* YOUR TASK
All that is wanted is the line with "Pressure exerted by" and each line after it to the end of the data below, set down exactly and without pictures.

* DATA PROVIDED
____
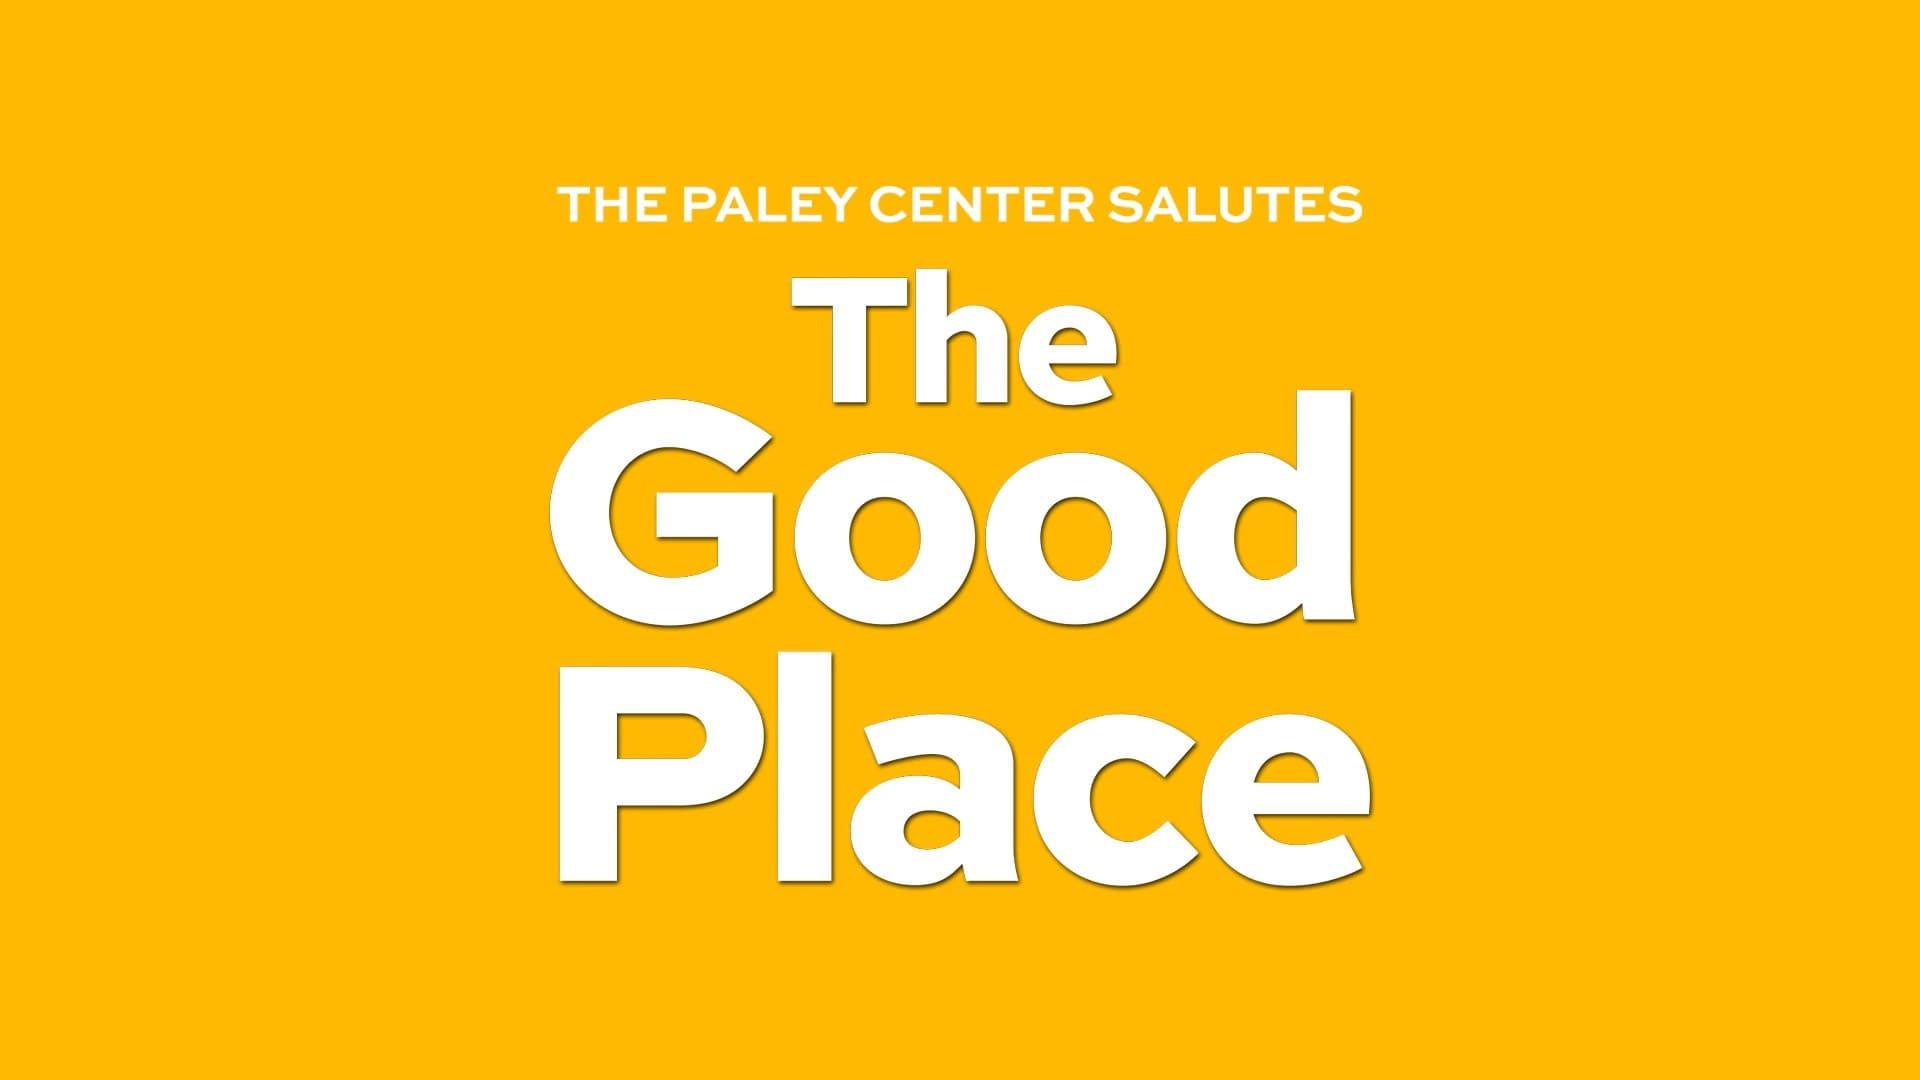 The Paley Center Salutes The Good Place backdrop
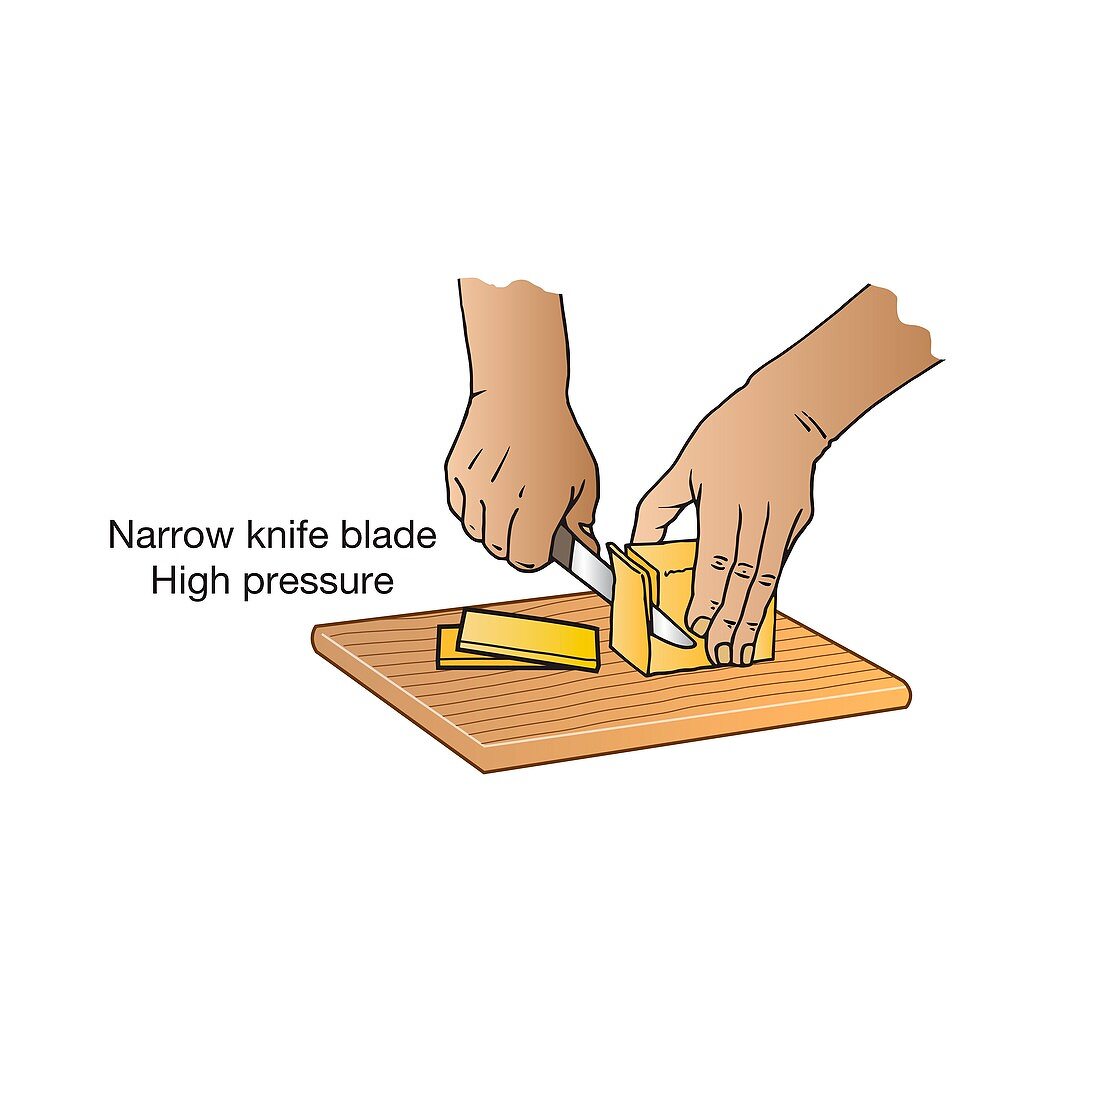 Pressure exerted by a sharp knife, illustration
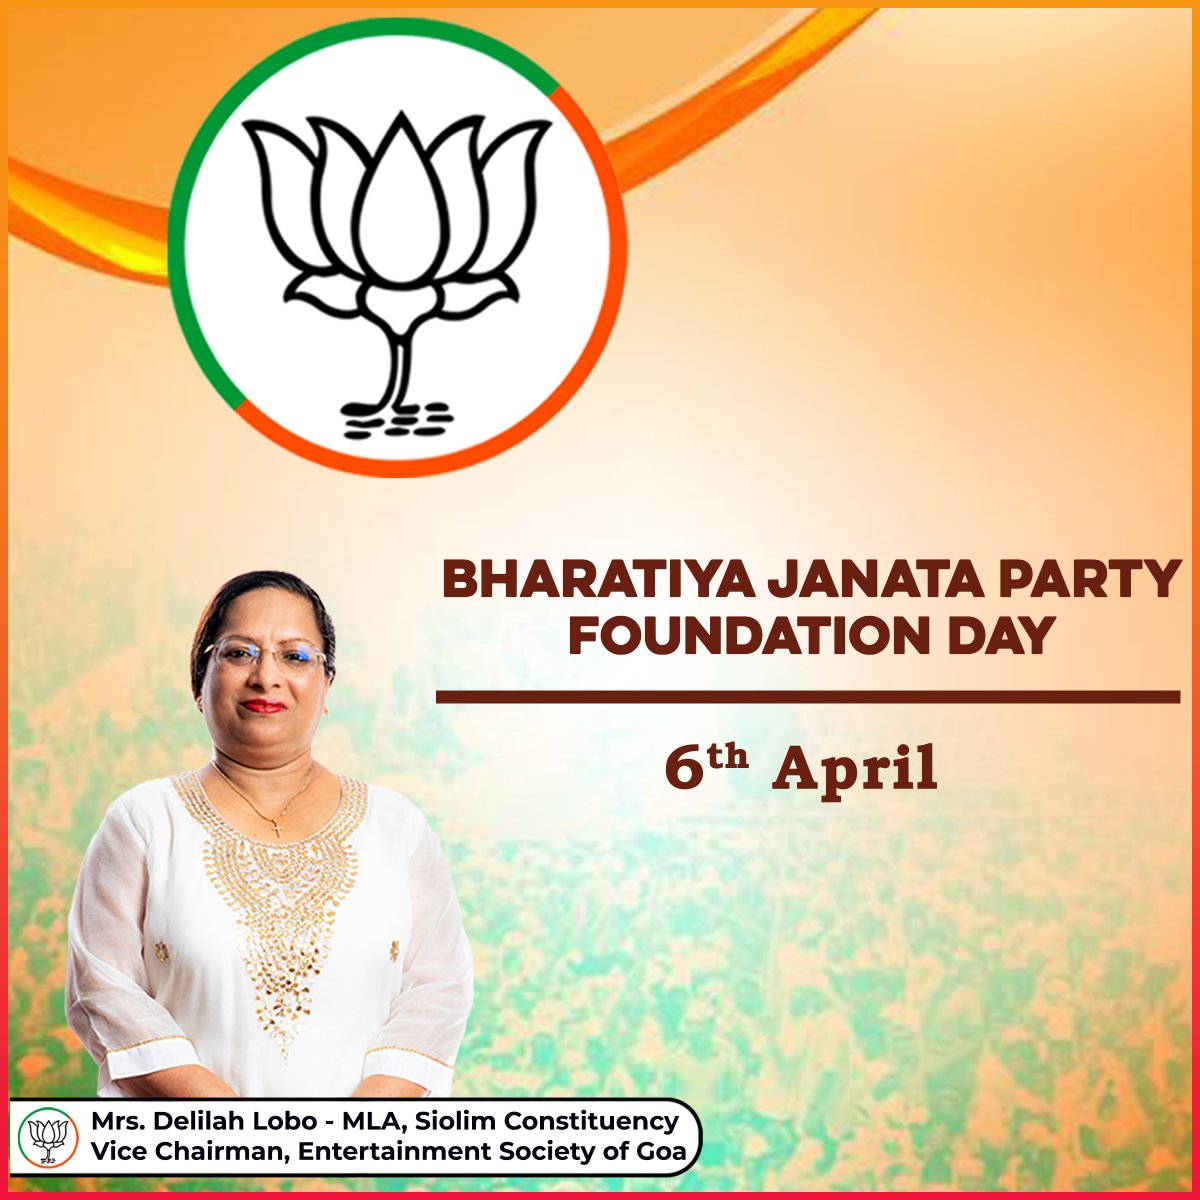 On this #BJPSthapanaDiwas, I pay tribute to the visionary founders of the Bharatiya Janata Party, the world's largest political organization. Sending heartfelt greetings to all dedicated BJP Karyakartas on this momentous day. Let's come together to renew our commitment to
____
* WRITTEN SOLUTION
 Pressure exerted by a sharp knife, illustration
 On this #BJPSthapanaDiwas, I pay tribute to the visionary founders of the Bharatiya Janata Party, the world's largest political organization. Sending heartfelt greetings to all dedicated BJP Karyakartas on this momentous day. Let's come together to renew our commitment to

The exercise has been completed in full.